SOURCE DATA ->

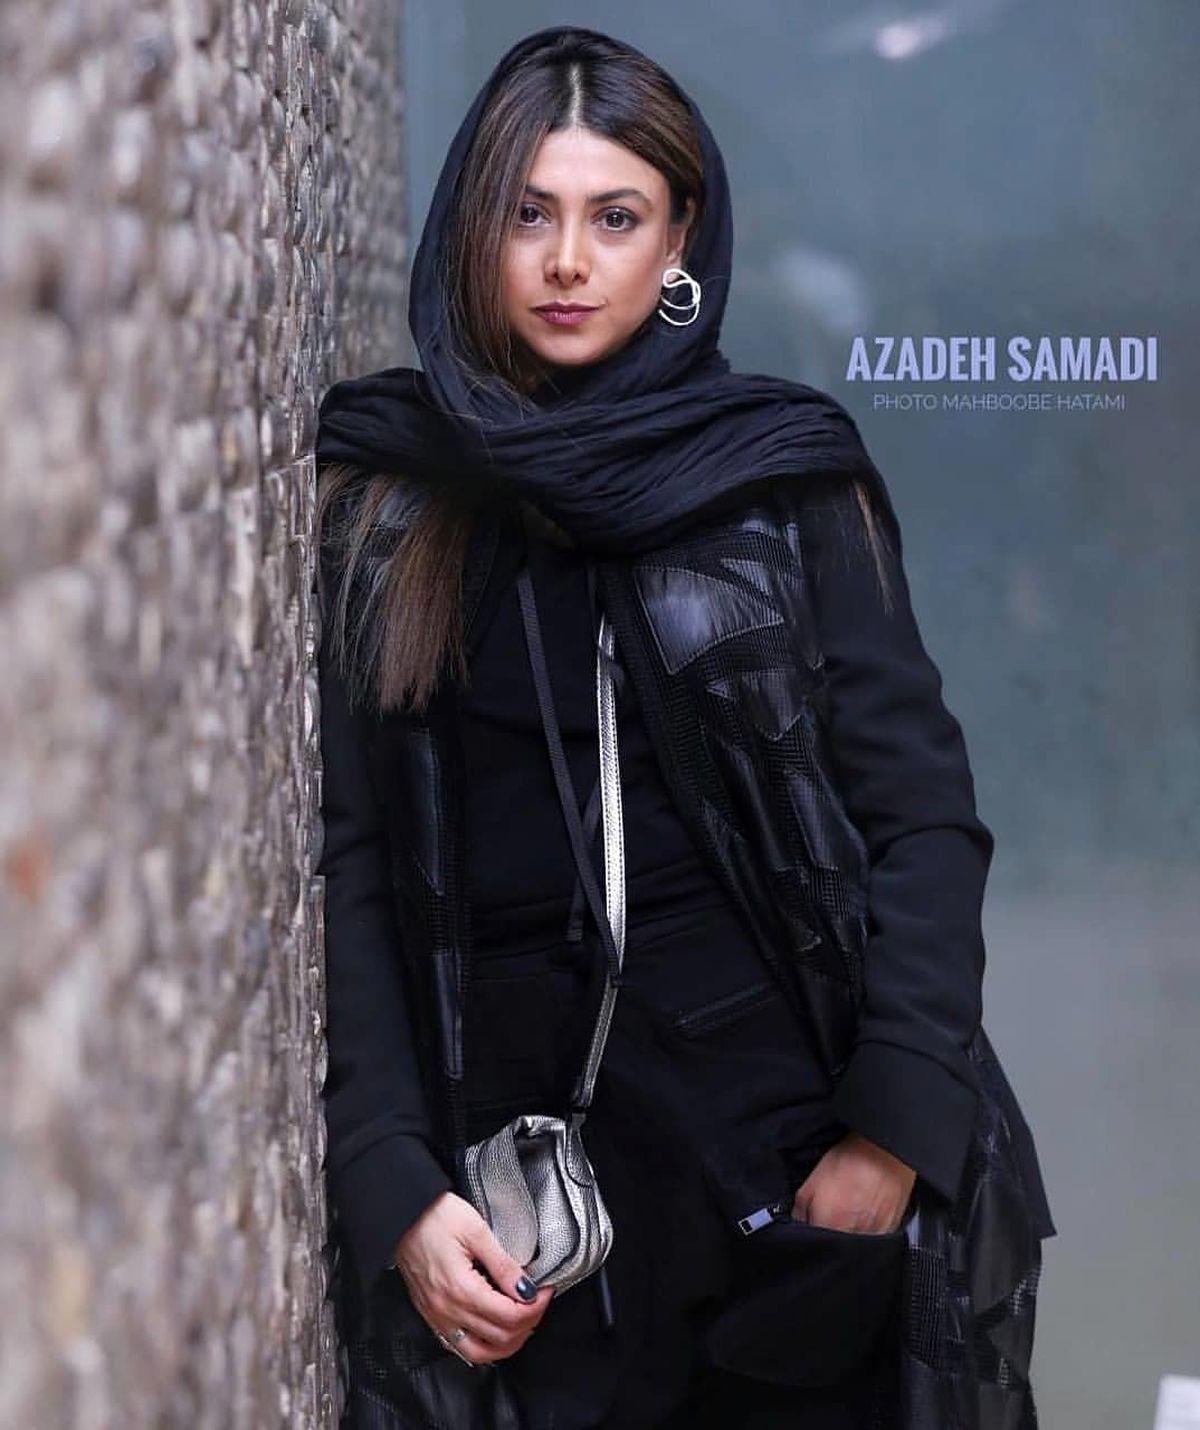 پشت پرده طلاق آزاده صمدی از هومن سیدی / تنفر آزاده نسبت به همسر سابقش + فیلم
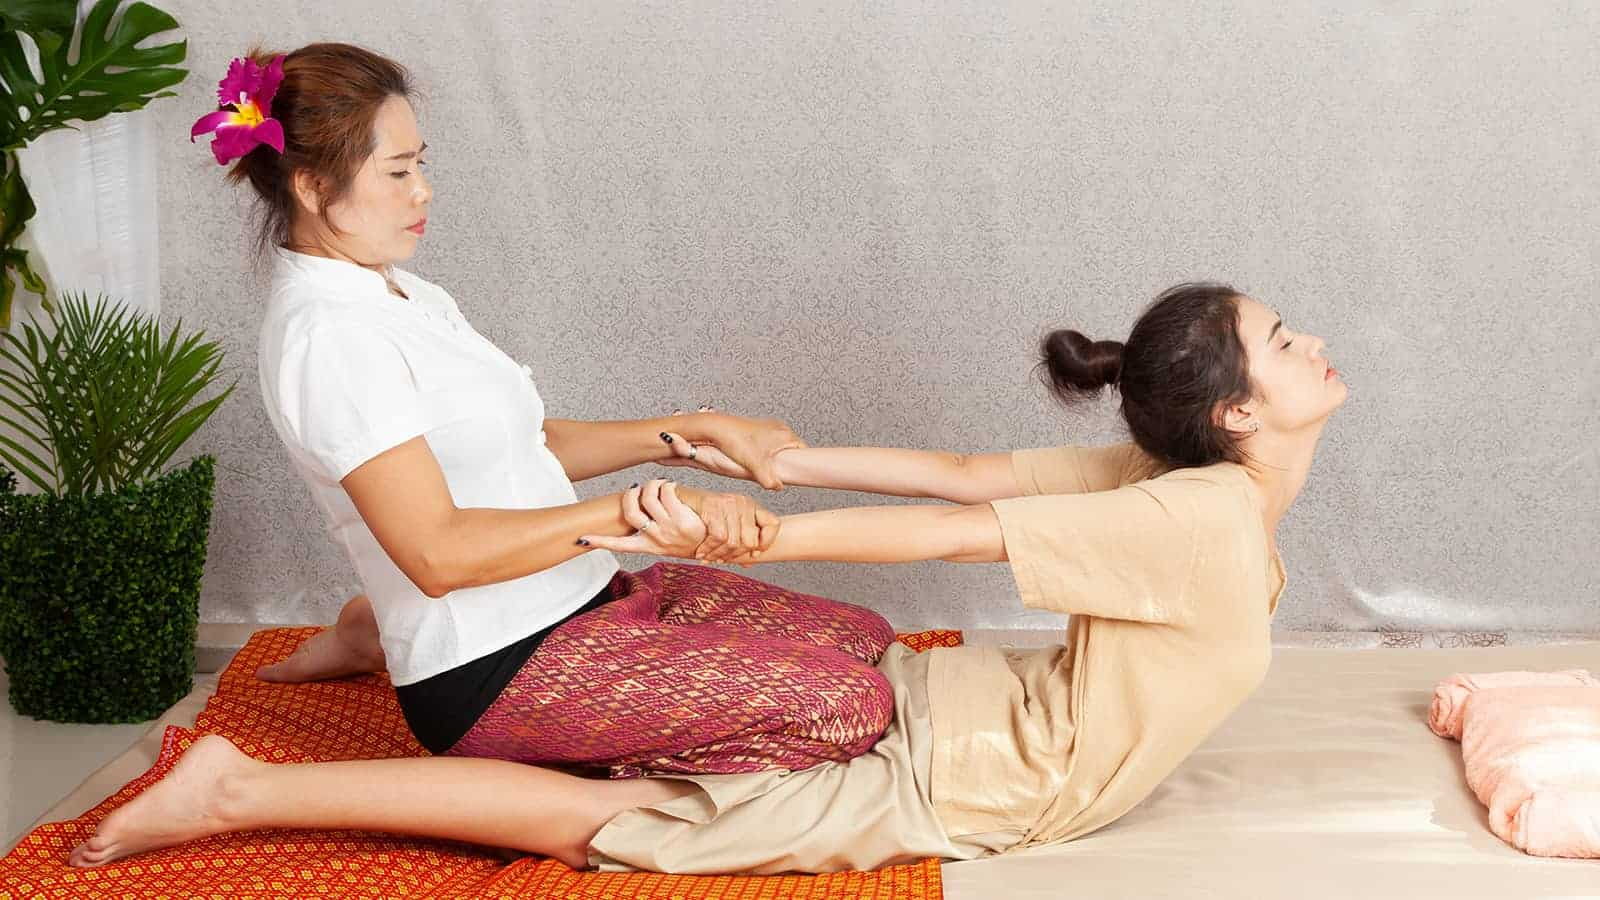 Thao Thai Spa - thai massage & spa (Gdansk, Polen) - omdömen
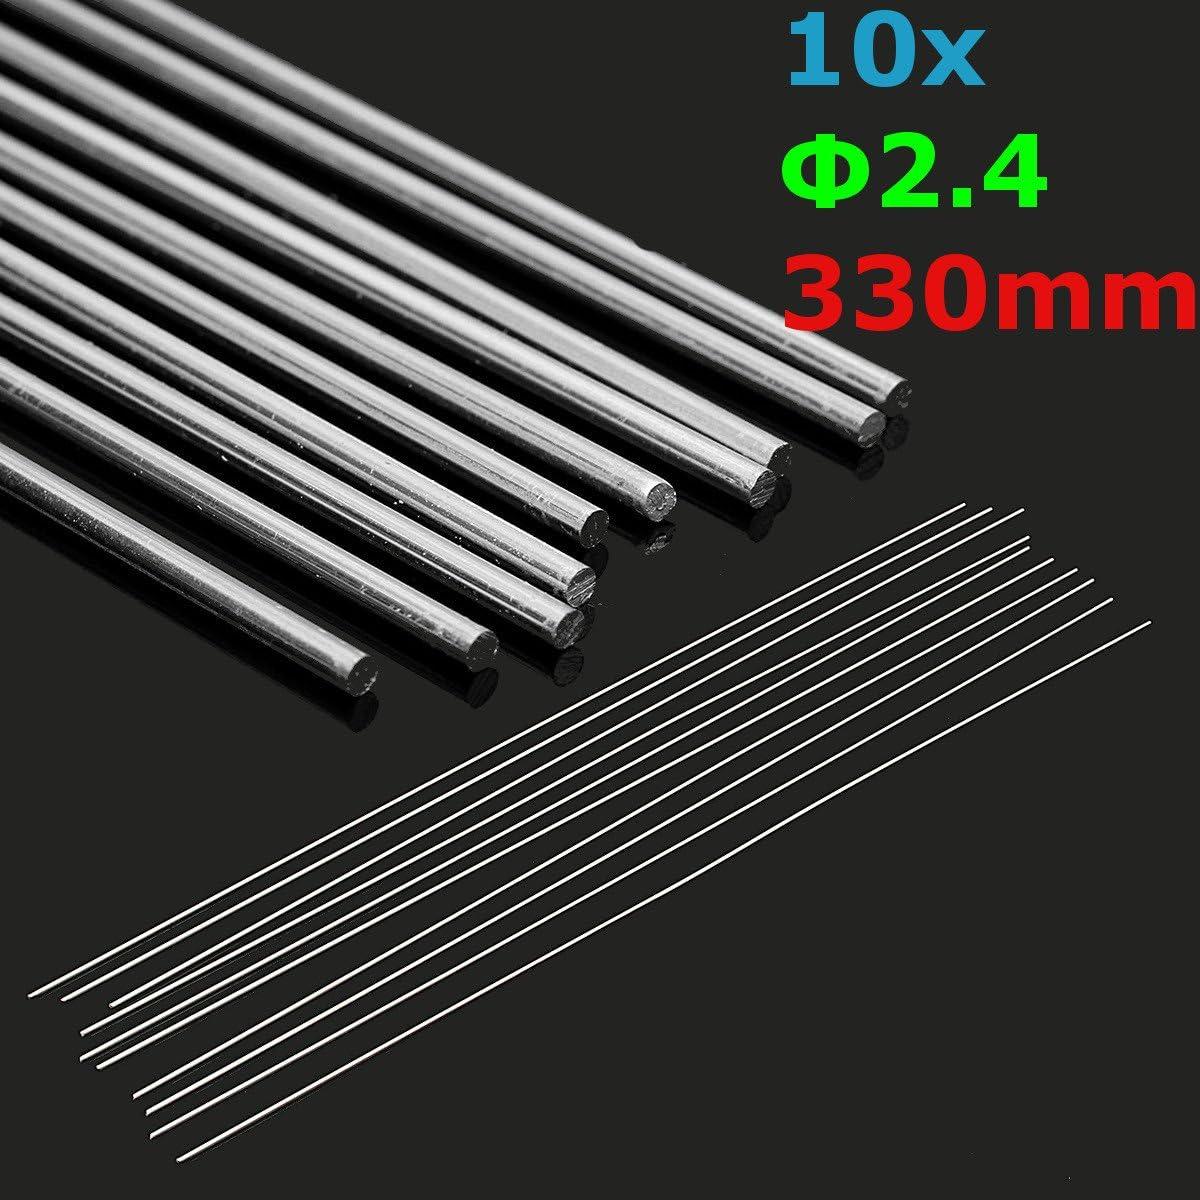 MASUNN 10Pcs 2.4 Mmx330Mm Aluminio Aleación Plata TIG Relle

--

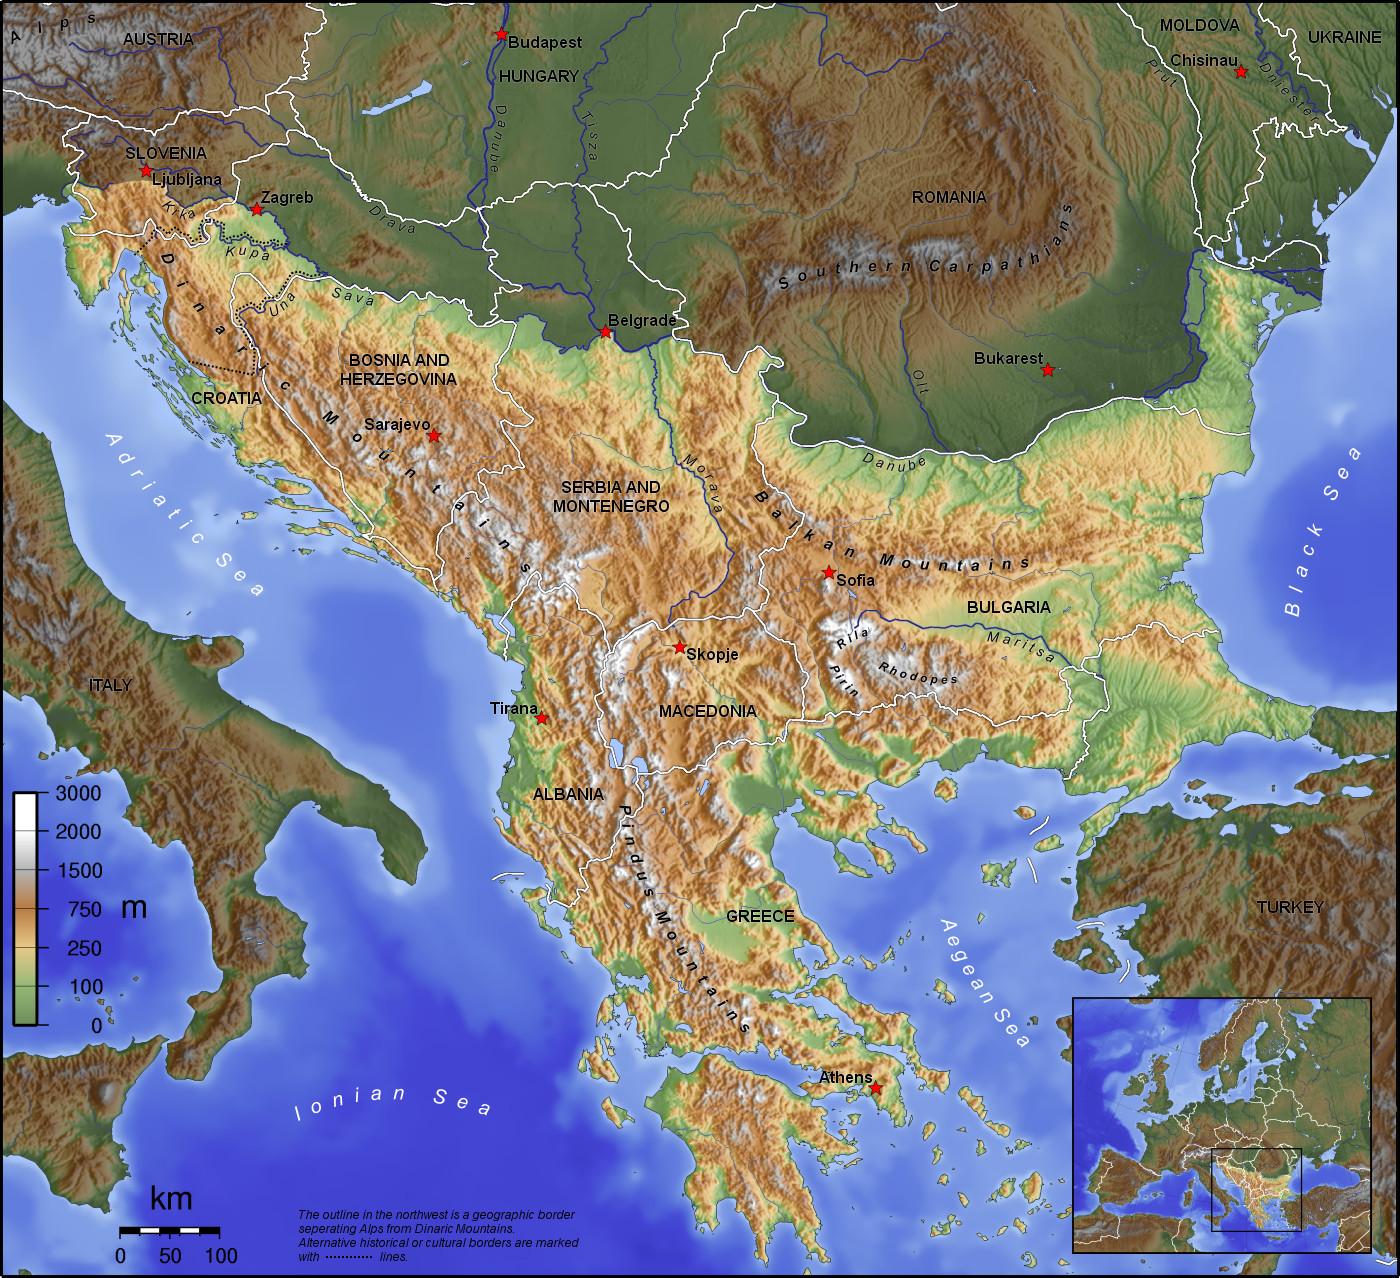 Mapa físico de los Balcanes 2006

* * *

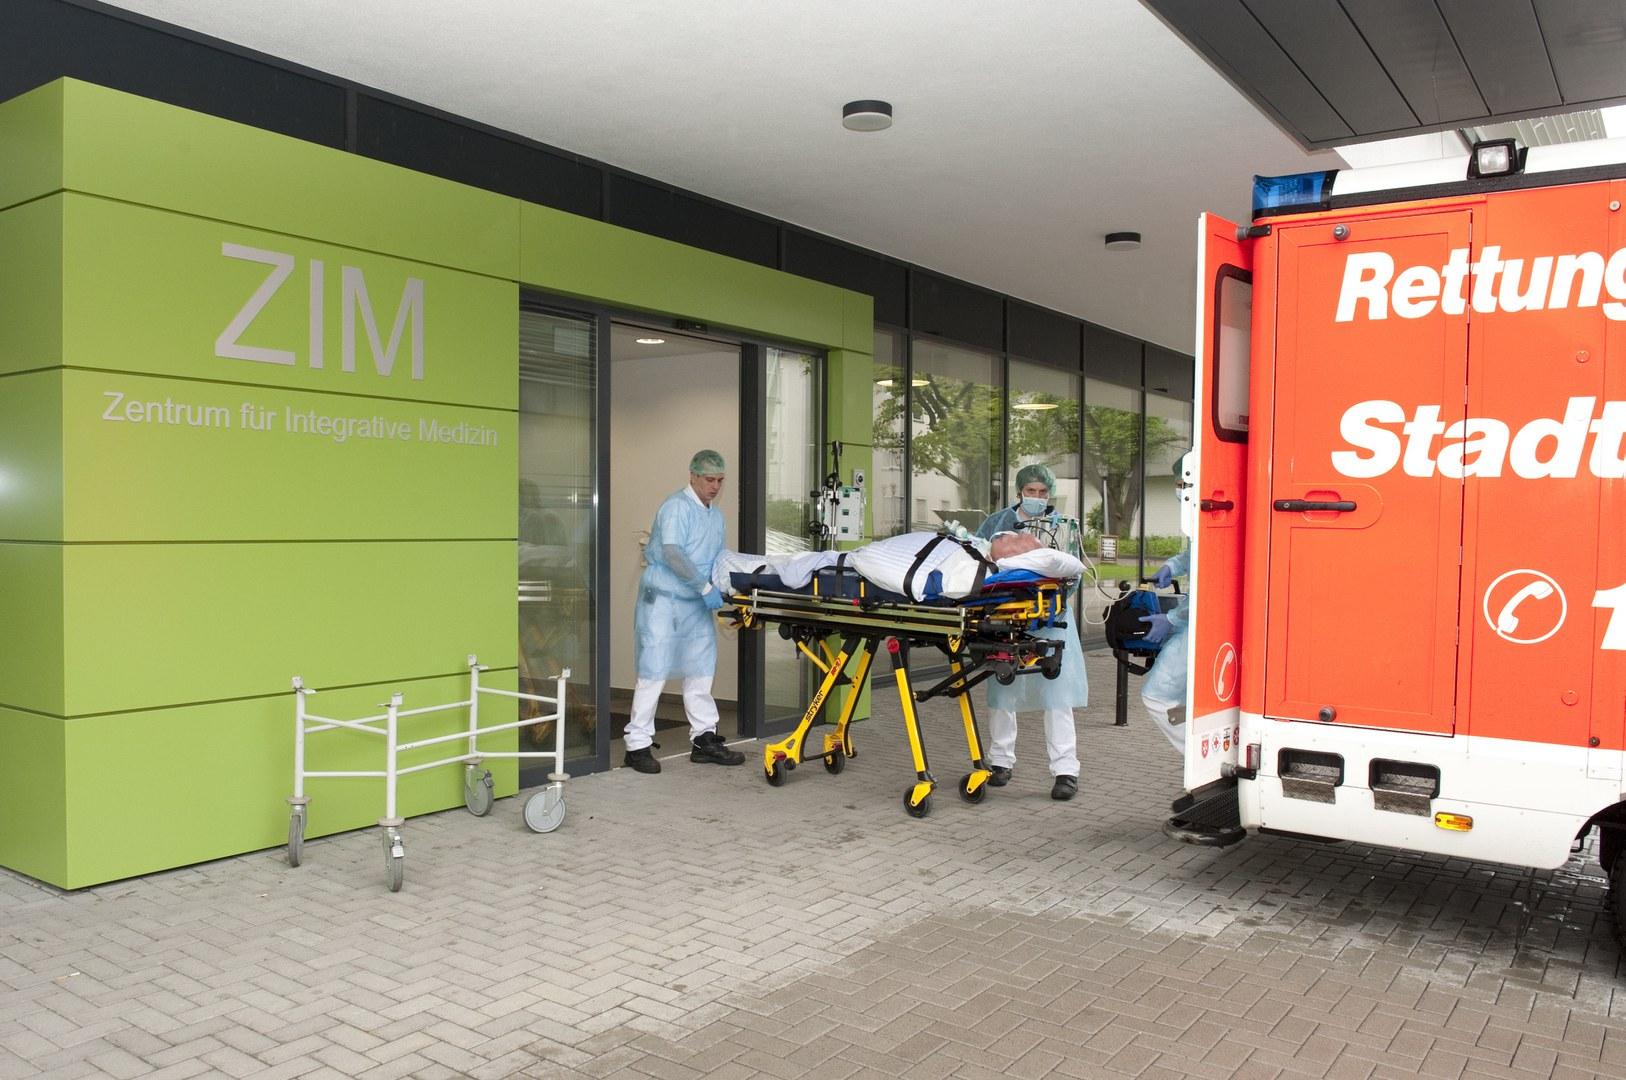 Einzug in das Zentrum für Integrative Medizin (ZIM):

PROBLEM STATEMENT -> In the entries above, which lines run from the one with "پشت پرده طلاق" up to and including the one with "MASUNN 10Pcs 2.4"? Write them out exactly, without the pictures.

WRITTEN RESPONSE ->
 پشت پرده طلاق آزاده صمدی از هومن سیدی / تنفر آزاده نسبت به همسر سابقش + فیلم
 Thao Thai Spa - thai massage & spa (Gdansk, Polen) - omdömen
 MASUNN 10Pcs 2.4 Mmx330Mm Aluminio Aleación Plata TIG Relle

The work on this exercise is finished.